Part of adulthood is just doing what you have to do even when you really don’t want to do it.

Suffer Now Instead of Later

“Suffer now so you don’t have to later.”

One of my good friends from college likes to repeat this aphorism, and my husband and I have applied it to our financial decisions.

Don’t become more of an imposter than you are by acting like an established grownup. Being frugal for a few years while you’re building a foundation is important for pretty much anyone. Learn how to budget, how to save up, how to give, and in general how to manage money.

You may feel like you have neither the lifestyle nor the self-assured appearance of other twenty-somethings, but don’t let this bother you.  Prioritize for the long-term.

Be Yourself

I look like I’m fourteen years old, or maybe sixteen if I’m feeling charitable. I don’t wear much makeup, and I don’t have a particularly stylish wardrobe. I have clothes I’ve worn since I was twelve or thirteen years old.

Adulthood isn’t about looking a certain part or reaching a certain age. It’s more than earning a paycheck and paying the bills. As adults, we take primary responsibility for meeting our own needs and wants. Adulthood means accepting and fulfilling certain duties, like putting food on the table, taking care of your house, and making financially responsible decisions.

Being a grownup, I tell myself, is about fulfilling my duties. In doing so, I can be a real adult, even if I don’t feel like one.

It Never Ends

Unfortunately, once you have conquered the Imposter Syndrome for adults, you may realize that you’re an imposter at something else.

One of my mentors once told me a parenting story that she found helpful when she became a mother:

A child starts complaining about the way his parent is handling a situation. The parent calmly looks at the child and says, “You know, this is the first time I’ve tried this.”

Maybe we’re all imposters, just making it up as we go along. We may as well embrace it.

Author: Rebekah Slonim

Rebekah Slonim (née Basinger) graduated from Hillsdale College with a B.A. in English literature. For school and for leisure, she enjoys reading the poetry of Gerard Manley Hopkins and Robert Frost, analyzing the novels of Jane Austen, and studying Aquinas and Reformed theology. She now works as a freelance editor. One of her favorite hobbies is listening to her beloved husband—who is pursuing a Ph.D. in mathematics—talk about subjects she does not understand, such as real analysis and topology.

One Reply to “Tips for Adulting from a Fellow Imposter”

  1. What a great explanation Rebekah!
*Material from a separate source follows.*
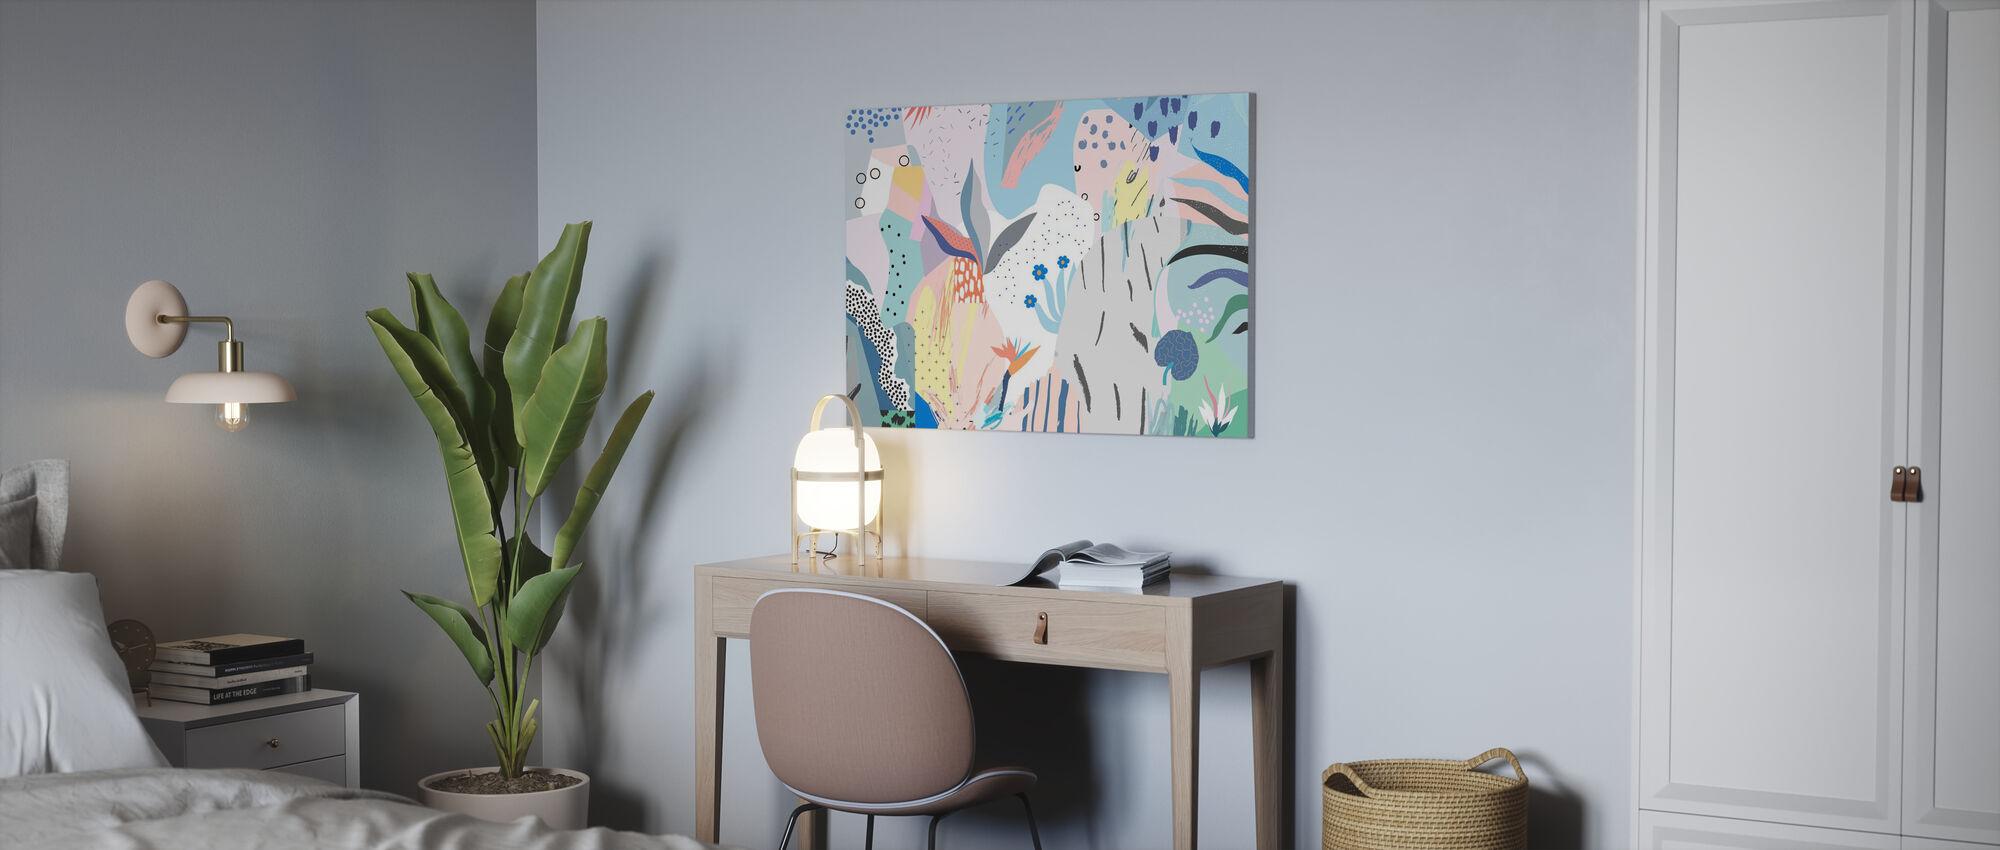 Blommig - Canvastavla - Kontor
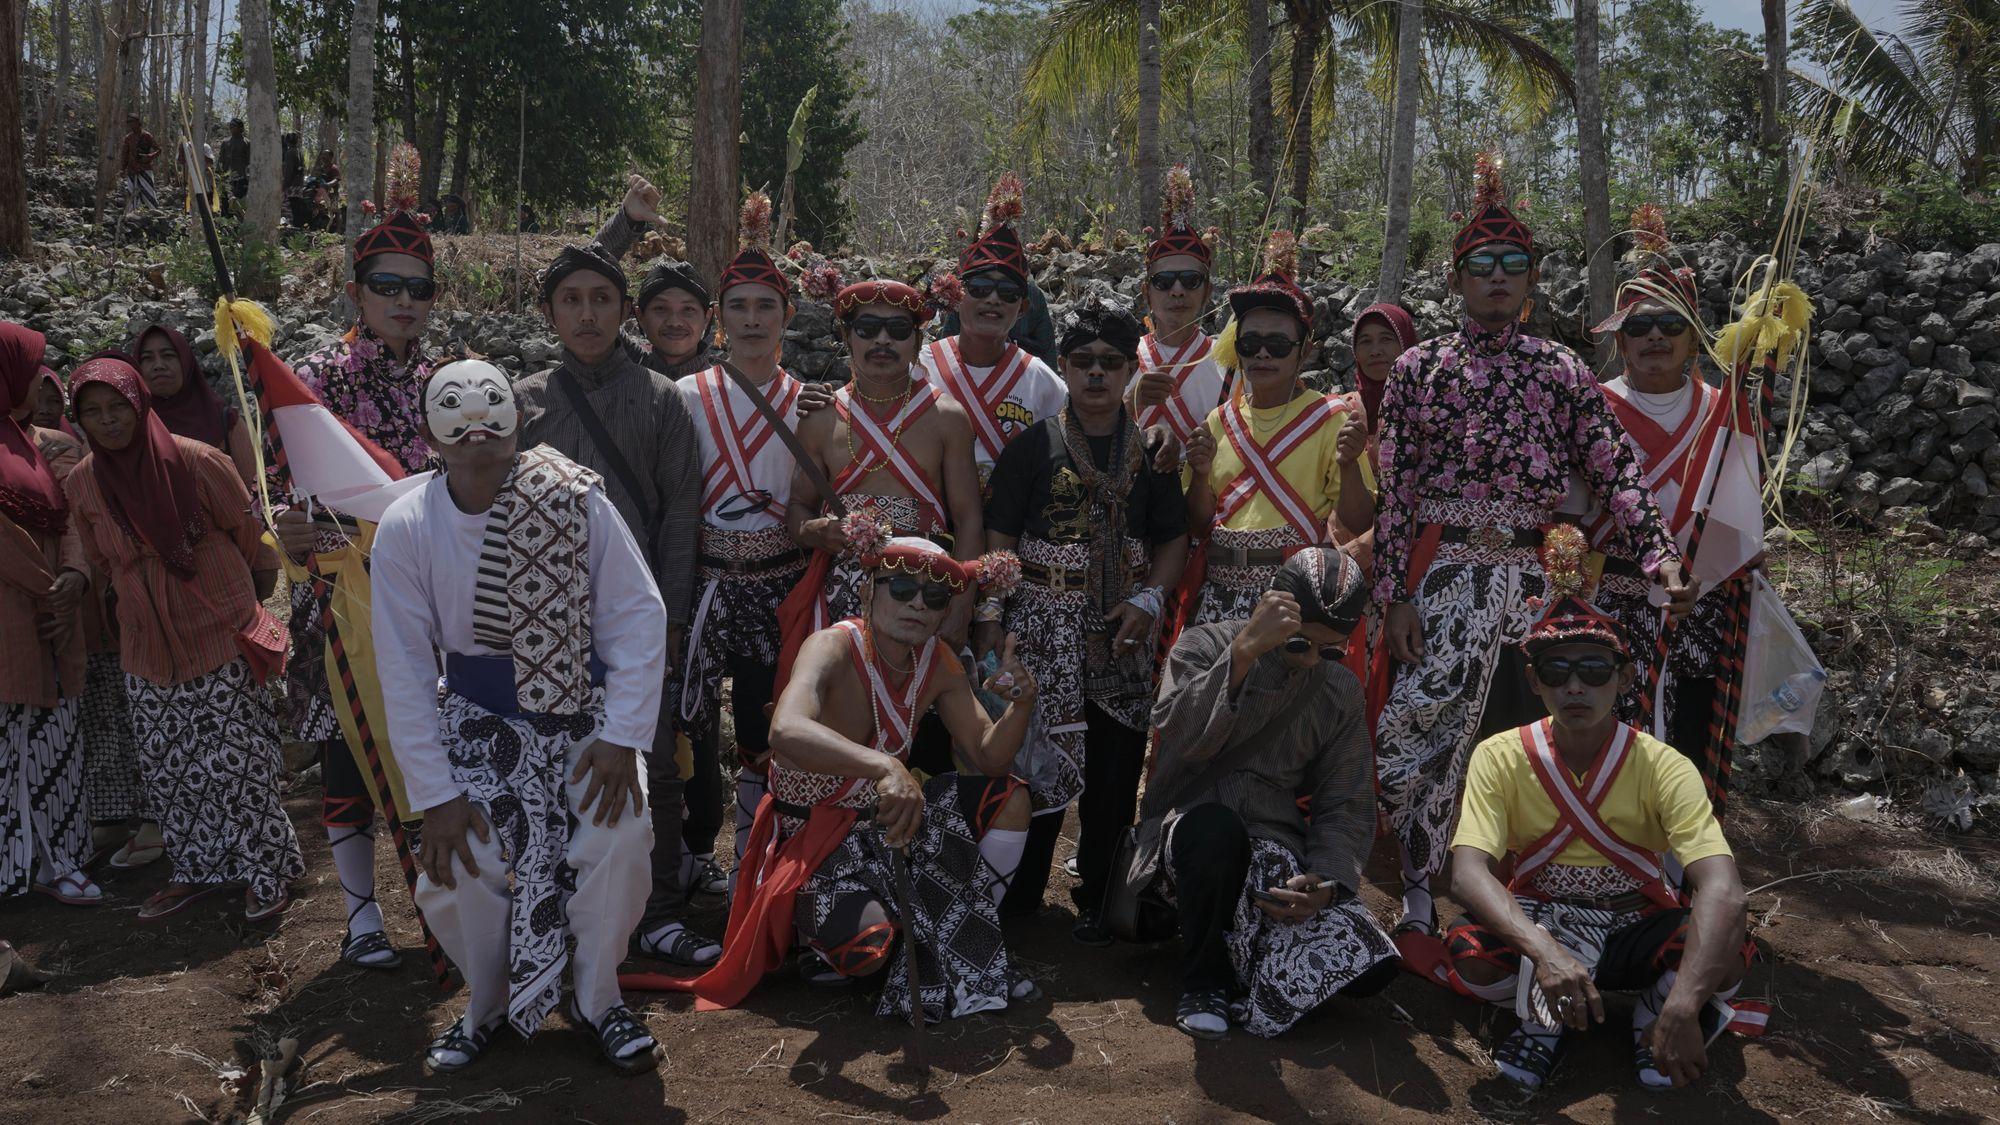 Pageblug dan Ritus Tolak Bala di Jawa

These are my thoughts exactly, just written out in words my mind doesn’t know how to explain. I can definitely relate to many of your examples: grad school, marriage, keeping a home and cooking of course. We have google; how hard could it be?
    Your section entitled: Embrace Responsibility; Resist Perfectionism reminds me of a podcast I listened to earlier this year on ‘work.’ Everything I do, my job, my academics, my play, my chores, my errands are all opportunities to glorify the God who made us. He has given me talents and responsibilities, and it is becomes a beautiful response when I choose to use those opportunities to praise Him! You said it perfectly, “actively and eagerly seek out the fulfillment of your duties.” If I might add, the fulfillment of my duties, in the end, becomes glorifying our Creator.
    I too have felt quite like an imposter; however, I have also found that when my motive for why I do something shifts, I become less concerned with being perfect, and more confident in who God created me to be.

    Thanks for your words and perspectives Rebekah. I look forward to hearing more!